Yes, we certainly disagree. I know a good number of African Americans, and only two of those people could accurately be described as “black.” Most of them are varying shades of brown. I know natives of India who are darker skinned than children from Somalia. So why should I lump all of the persons of African descent together under a descriptor that’s wrong, and also not the term that many of them have reached a consensus about using? To protect my right to be an asshole?
I would ask if you’ve ever actually been TOLD you can’t wear a cross, and by whom. Because as a white Christian in a school with a majority of minorities, I’ve never felt discriminated against, but I’ve heard many a white parent make the complaint because their faith wasn’t front and center in everything we did.
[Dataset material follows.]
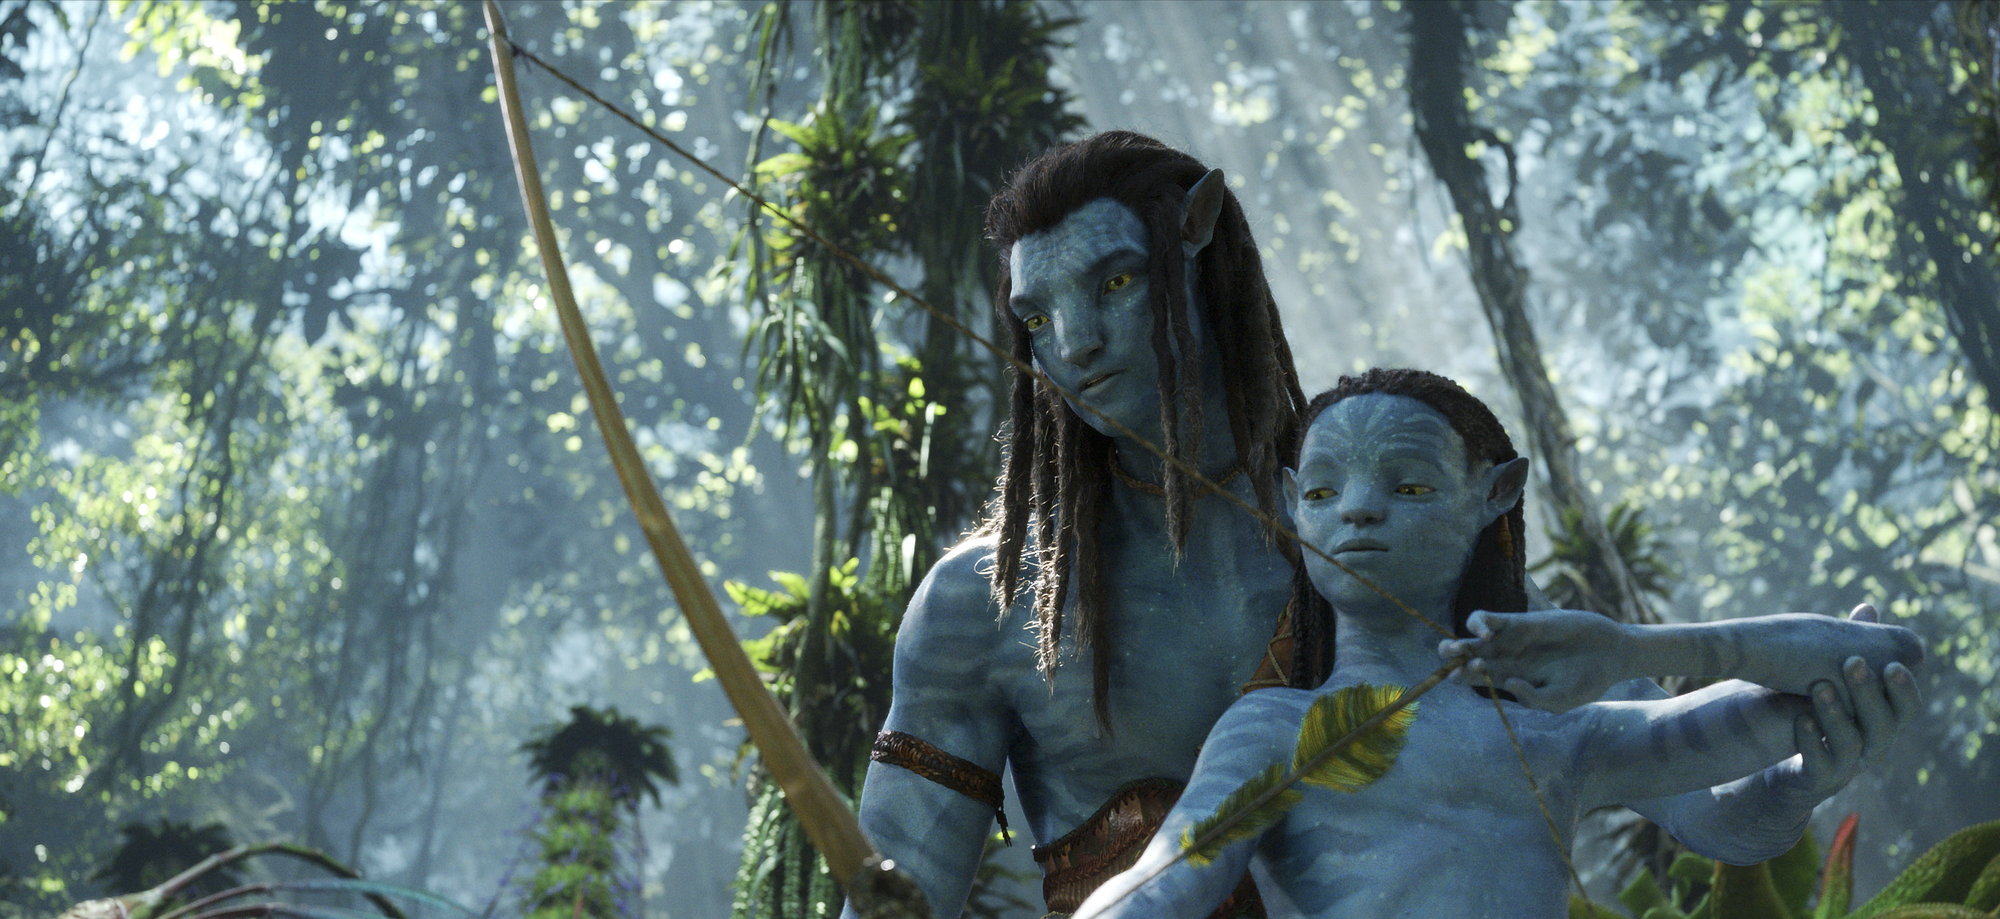 Avatar 2 Bí ẩn - một thế giới bí ẩn và đầy sức hấp dẫn đang chờ đón bạn. Lisa Gaming Avatar 2024 sẽ đưa bạn khám phá sự thật đằng sau những bí ẩn của thế giới này. Hãy tham gia cùng chúng tôi và trở thành người giải mã tài năng nhất của trò chơi này!

I get a lot of the “I feel so persecuted because you said Happy Holidays instead of Merry Christmas!” whine. Then I walk down the road and Christmas everything is EVERYWHERE. Heck, walk into a grocery store in October, and there’s the Christmas section, a fourth of the store. Is it too much to ask that places like schools, that shelter and teach children of a wide variety of faiths, not point to one holiday/faith as better/more important than all the rest? It already happens due to the placement of the days–we don’t close school for Eid or for Hannukah. How is it discriminating against Christians that we NOT celebrate them above all others?
As to a compliment–if you say I’m very efficient at my job, it’s not sexual harassment. If you say I’ve got a nice ass, well yeah. That’s SEXUAL. See the difference? If you open a door for me, I’m fine with that. If you won’t let me open a door for you because I’m a woman–well, then we have a problem.
I don’t speak for all white people, or all Christians, or all women. But I still think it’s a matter of respect. Your respect for the wishes of the other person, and theirs for yours. Just because someone sometime didn’t respect you is no reason to never again respect anyone else of that particular ethnicity or religion.
…I had a comment here. It became a blog post. So I’m going to blog it instead.